La scène politique lyonnaise connaît quelques remous ces derniers temps, notamment à gauche, autour d’une hypothétique candidature de Bruno Bernard au Sénat. Entre ambitions personnelles, alliances à gauche et incertitudes, le scénario est loin d’être écrit d’avance pour Hélène Geoffroy, qui se verrait bien sénatrice après sa défaite aux dernières élections municipales à Vaulx-en-Velin, en mars dernier.

Au mois de janvier 2026, qui aurait pu croire qu’Hélène Geoffroy ne serait plus maire de Vaulx-en-Velin ? Pas grand monde, effectivement. Peut-être les Vaudaises et les Vaudais, et encore…

Bruno Bernard avait notamment pour alliée l’ancienne maire socialiste. Depuis le 22 mars dernier, plus personne ne se parle vraiment. Bruno Bernard pourrait être le poil à gratter de son ancienne alliée, qui nourrit de grandes ambitions, notamment celle d’obtenir un siège au palais du Luxembourg pour sauver une année difficile.

UNE AMBITION QUI NE SUFFIT PAS À GARANTIR LA VICTOIRE

La perspective d’une candidature au Sénat représente un enjeu politique important. Mais, comme le rappelle le dessin, une candidature ne signifie pas automatiquement une victoire. Les élections sénatoriales obéissent à leurs propres règles et reposent notamment sur des équilibres politiques locaux parfois complexes.

Bruno Bernard apparaît ainsi face à une ambition qui pourrait se heurter à une réalité bien plus difficile. La formule « c’est pas gagné » résume à elle seule l’incertitude qui entoure toute stratégie électorale : pour espérer l’emporter, encore faut-il parvenir à réunir suffisamment de soutiens.

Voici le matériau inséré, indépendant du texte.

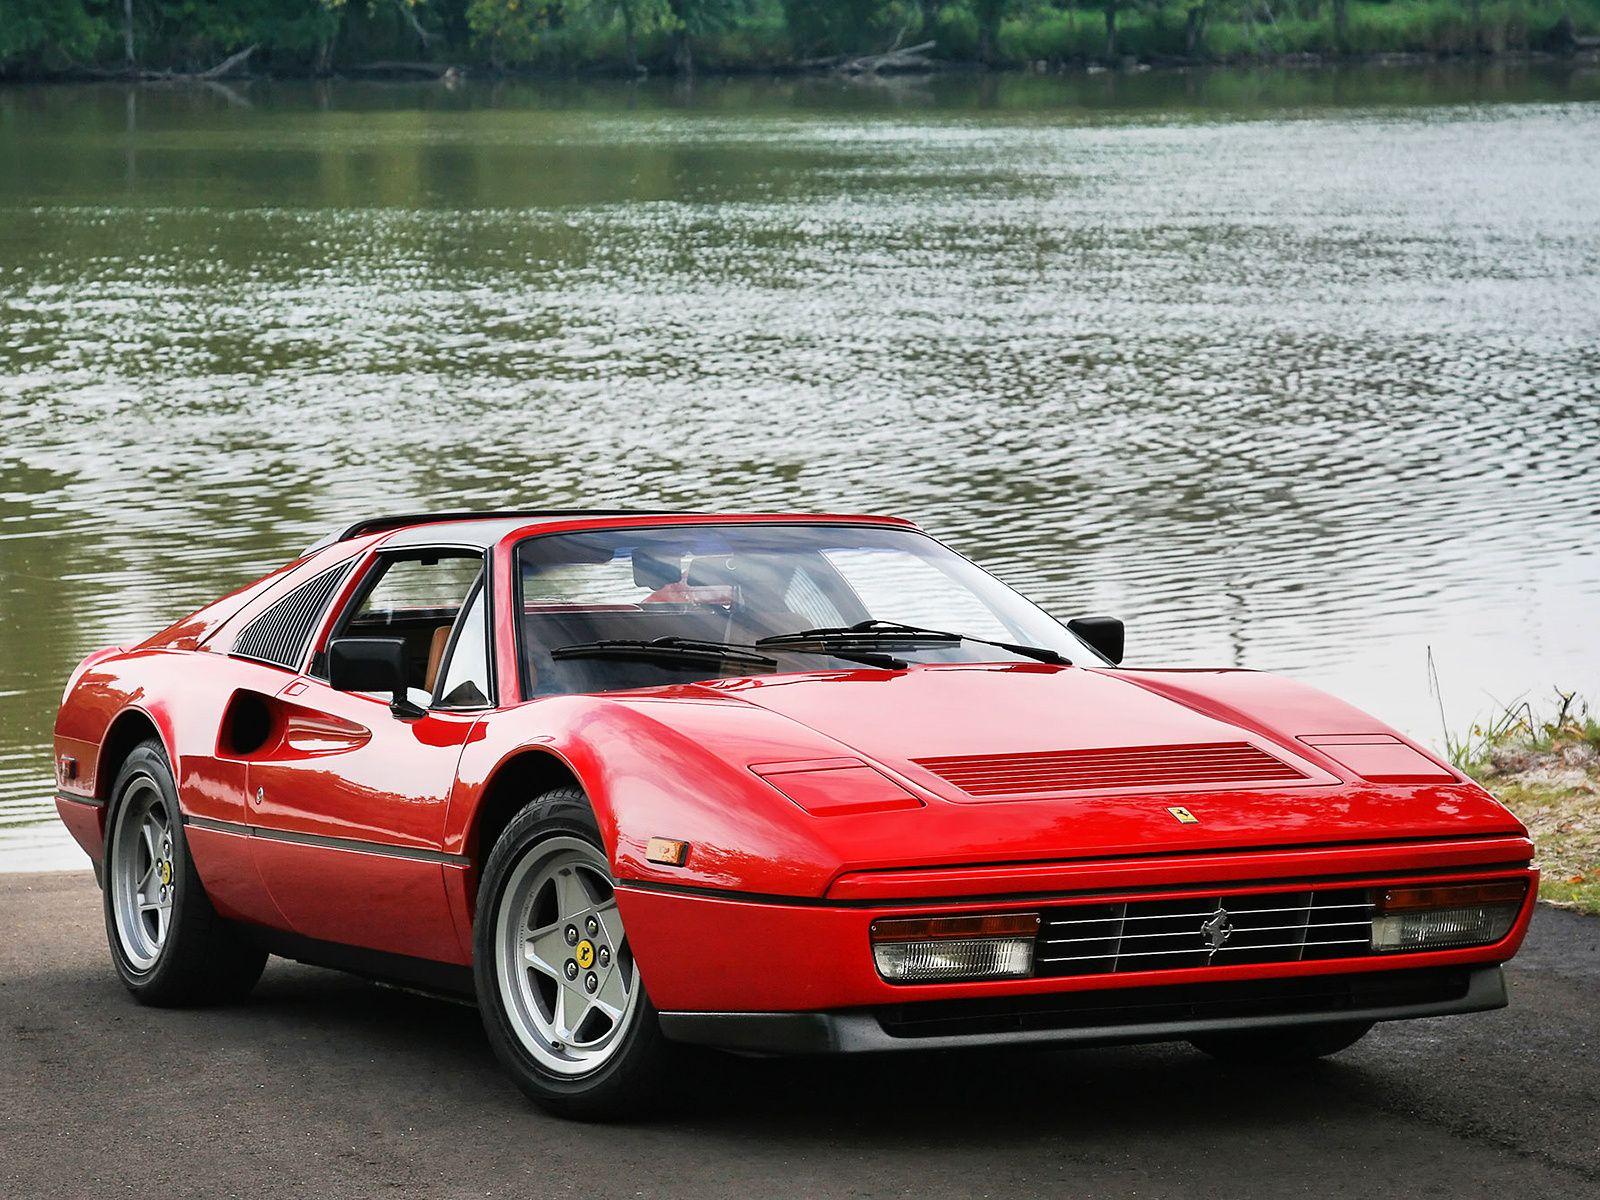 31ddd071f9e026af607925c7e8710759 Marvelous Photo Ferrari Mondial 8 Quattrovalvole Rouge Occasion Cars Trend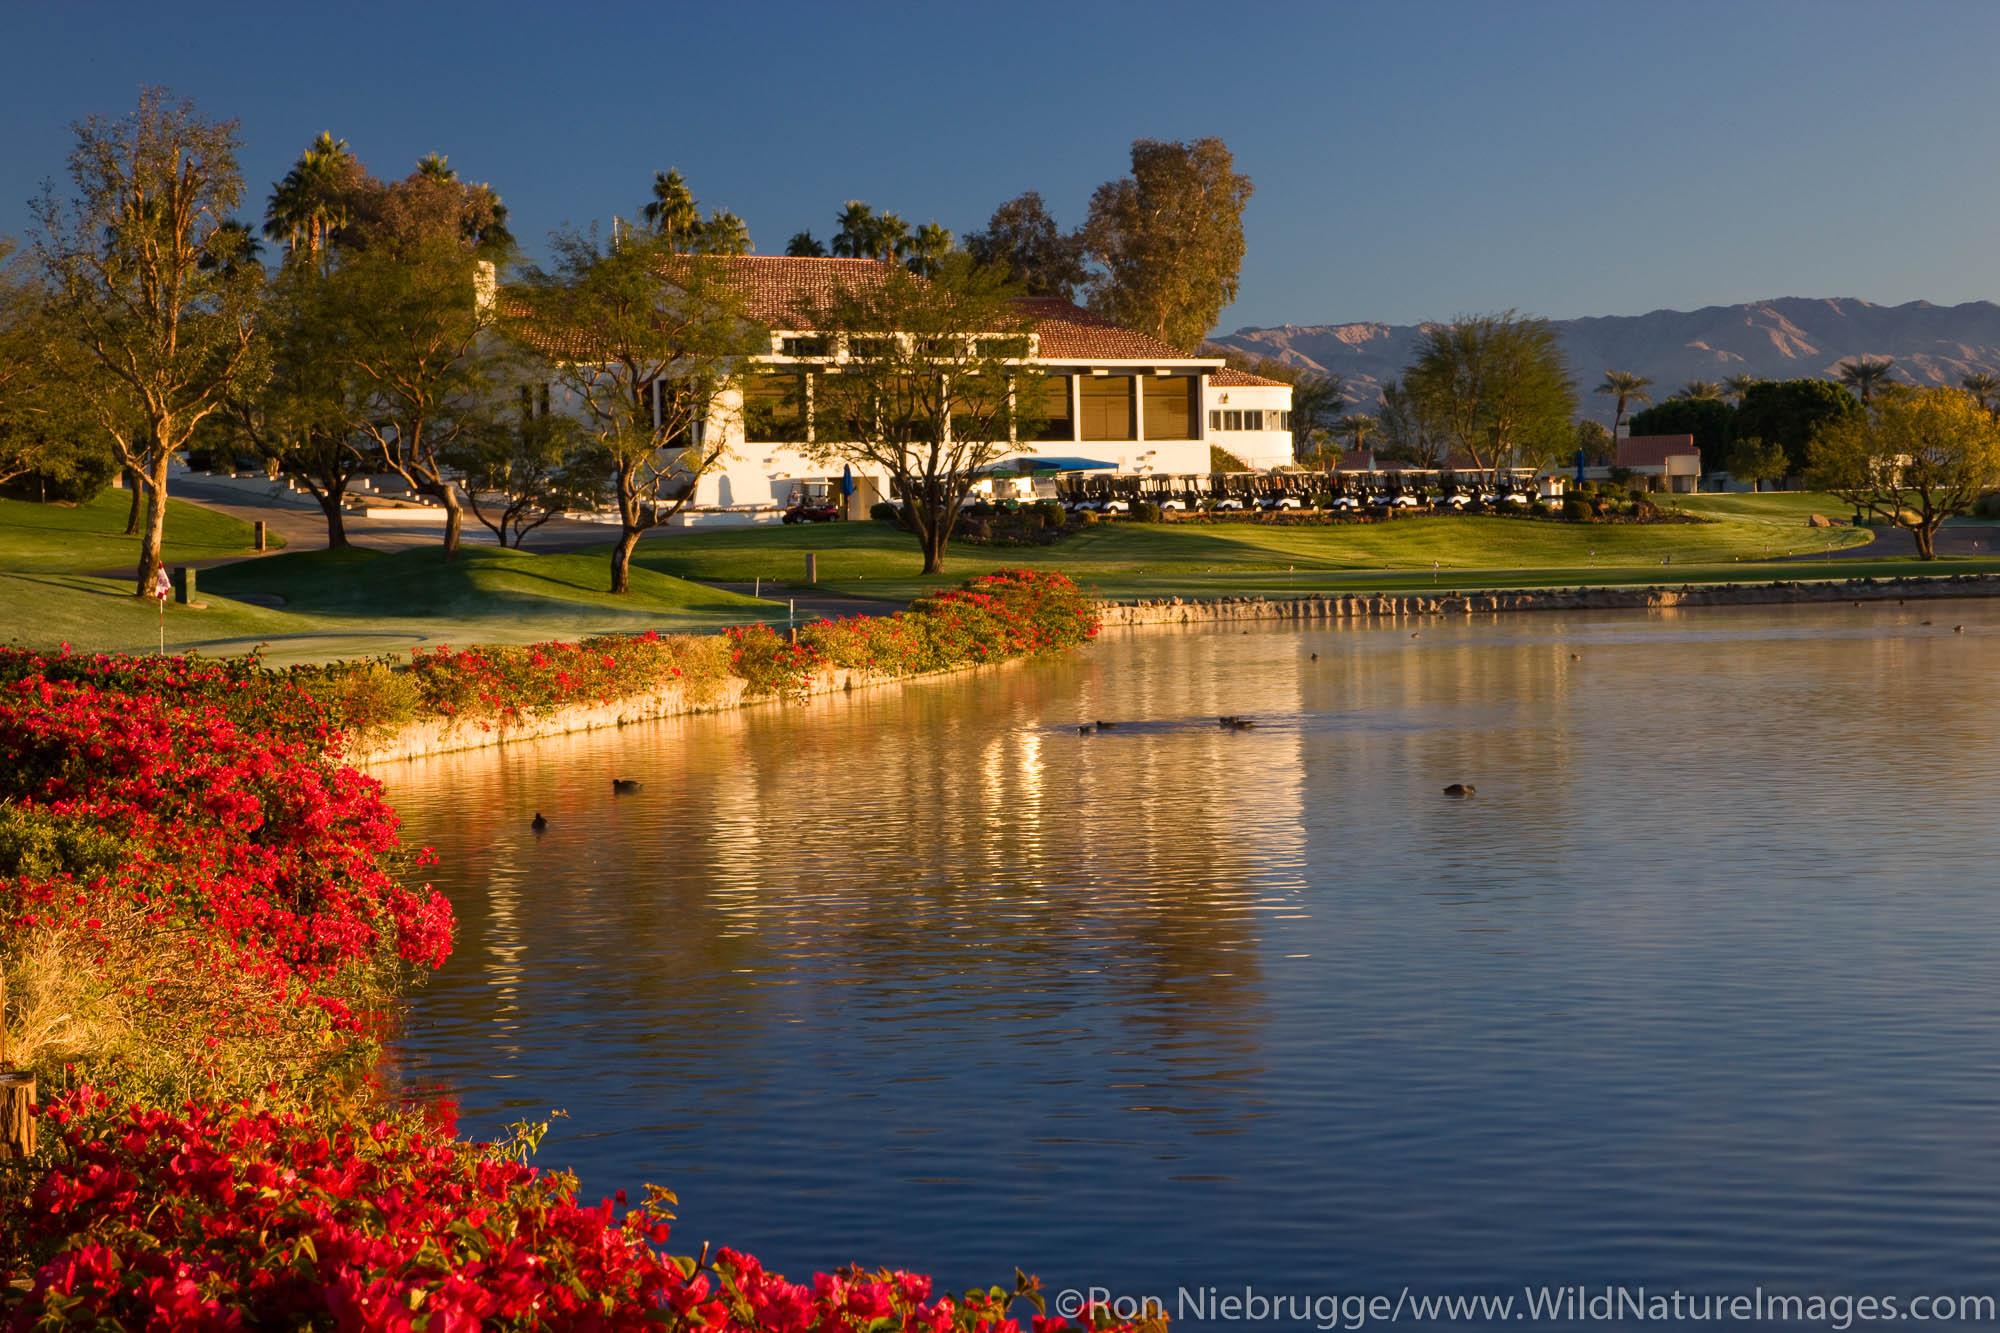 La Quinta Resort & Club in the greater Palm Springs area, La Quinta, California.

L’UNION DE LA GAUCHE, UNE QUESTION CENTRALE

Derrière une éventuelle candidature individuelle se cache une question plus large : celle de la capacité des différentes forces politiques de gauche à construire une stratégie commune.

Les alliances sont souvent essentielles dans la politique locale. Elles permettent de rassembler, mais peuvent également devenir sources de négociations, de désaccords et de rivalités. Le dessin joue précisément avec cette ambiguïté : l’union apparaît comme une possibilité, voire une nécessité, mais elle ne semble pas pour autant évidente.

Cette possible candidature et les interrogations qu’elle soulève montrent que le paysage politique lyonnais reste en mouvement. Entre ambitions individuelles, stratégies électorales et nécessité de construire des alliances, rien ne semble encore totalement joué.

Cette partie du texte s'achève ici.